The two approaches work in tandem to constrain the variance of LLM outputs to only observations that can be checked against the computation trace and conclusions thereof.

The Probably harness is designed to prevent the LLM from speculating or guessing in any way, shape, or form.

All data is bad data

A notable catch phrase in machine learning has always been “garbage in, garbage out” and despite the magic of LLMs, they are more noise-sensitive than most people realize.

You may have seen a number of vendors offering to make your data AI-ready. We have a different value proposition: we specialize in data that is very much not AI-ready.

The Probably harness comes with a sophisticated ingestion layer that maps and profiles raw data very efficiently. This enables the agent to be immediately aware of quality issues before committing to an analysis that would be inherently defeated by them.

The agent has a wide range of tools at its disposal to address data quality issues. Notably it can communicate issues to the user, explain inherent limitations, and still execute those analyses that are possible.

Crucially, it will not base conclusions off of low-quality data.

Examples of this include:

sparse distributions
mismatched sample sizes
heavily skewed distributions

…and many more.

The agent will always couch a response with quality callouts and make it clear why conclusions cannot be drawn and if there are any options for resolving or mitigating quality issues.

This ability is absolutely critical to produce an effective data agent and we are honored to provide it to you.

Why now?

Suffice it to say, accurate and objective tabular data analysis presents a uniquely challenging domain for the current state of transformers.

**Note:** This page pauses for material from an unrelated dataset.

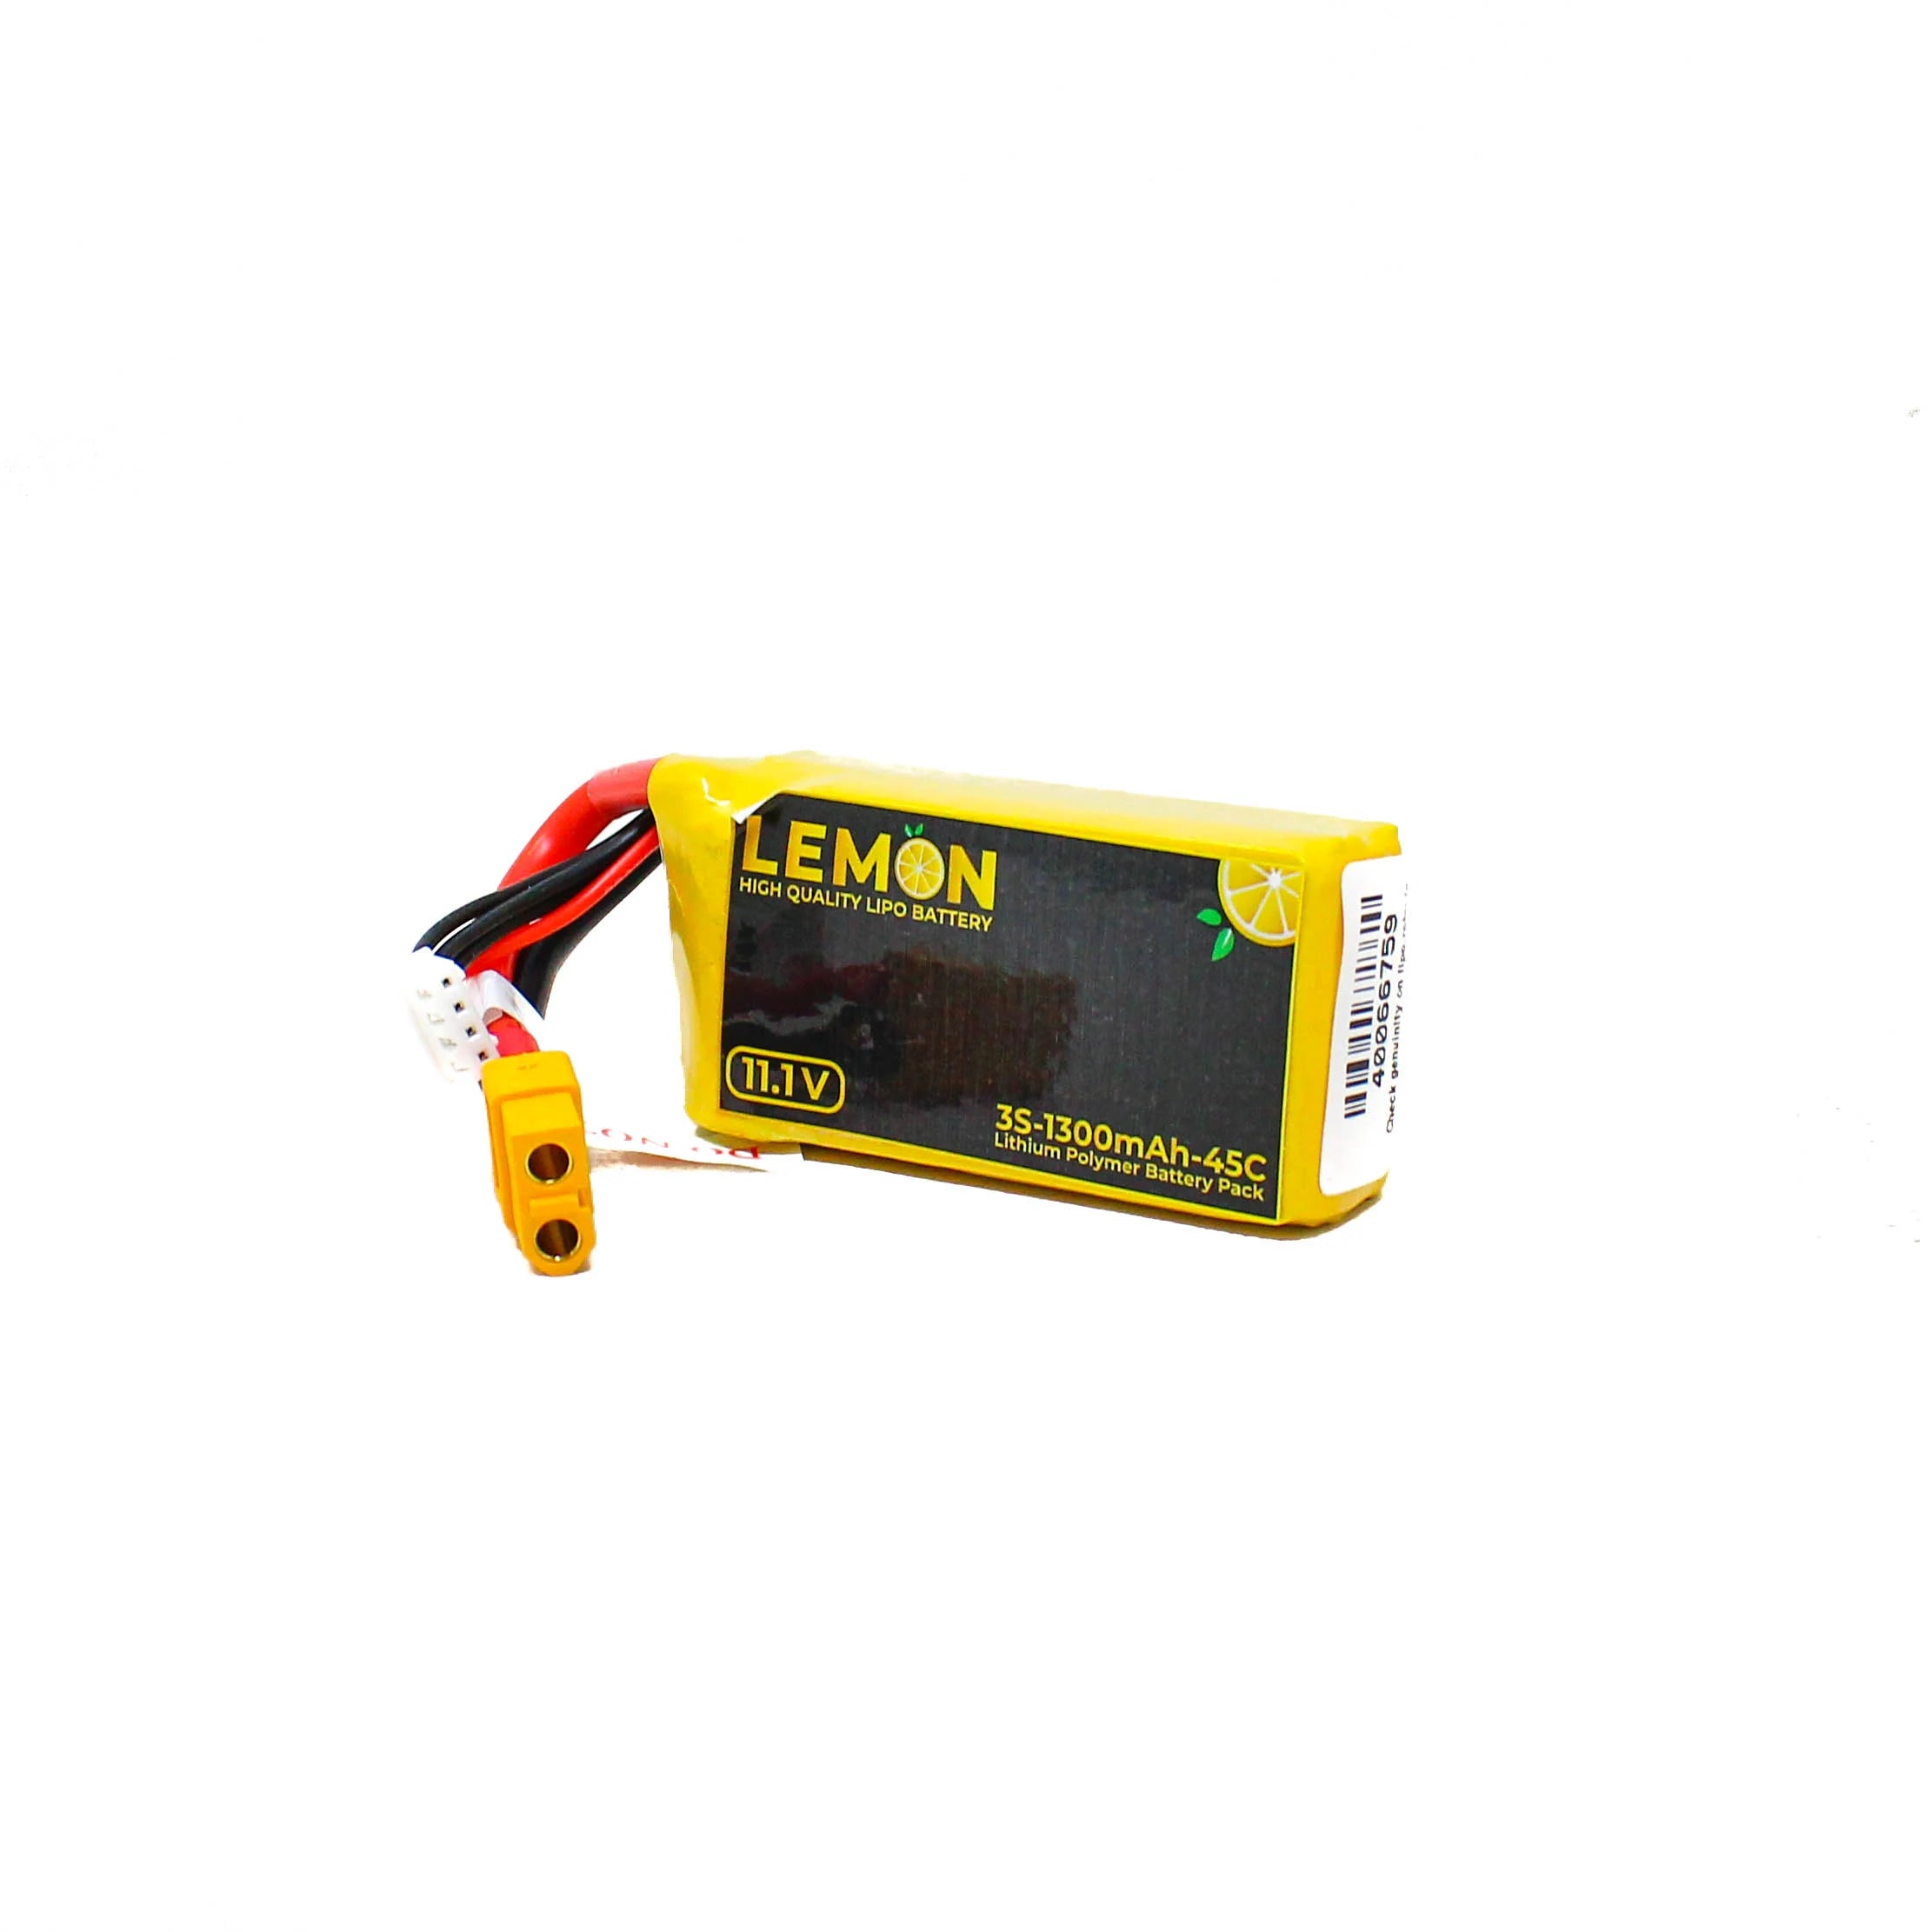 Batterie LiPo 3S LemonRC 1000mah - 11,1V (35C) XT60

Even before AI, objective data analysis was hard enough for humans. We are not exactly calculators either.

But finally we have arrived at a unique moment in time. We have the technology to solve the problem from both sides.

We can drop the transformer into a data mech suit, giving it superhuman analysis ability. Its conversational interface makes this whole process accessible to absolutely anybody in the simplest possible terms.

The Probably agent was an extraordinarily challenging harness to build but we believe it is worth it.

Our team is proud to provide and support this agent to any individuals or companies looking to do serious data work effortlessly and efficiently.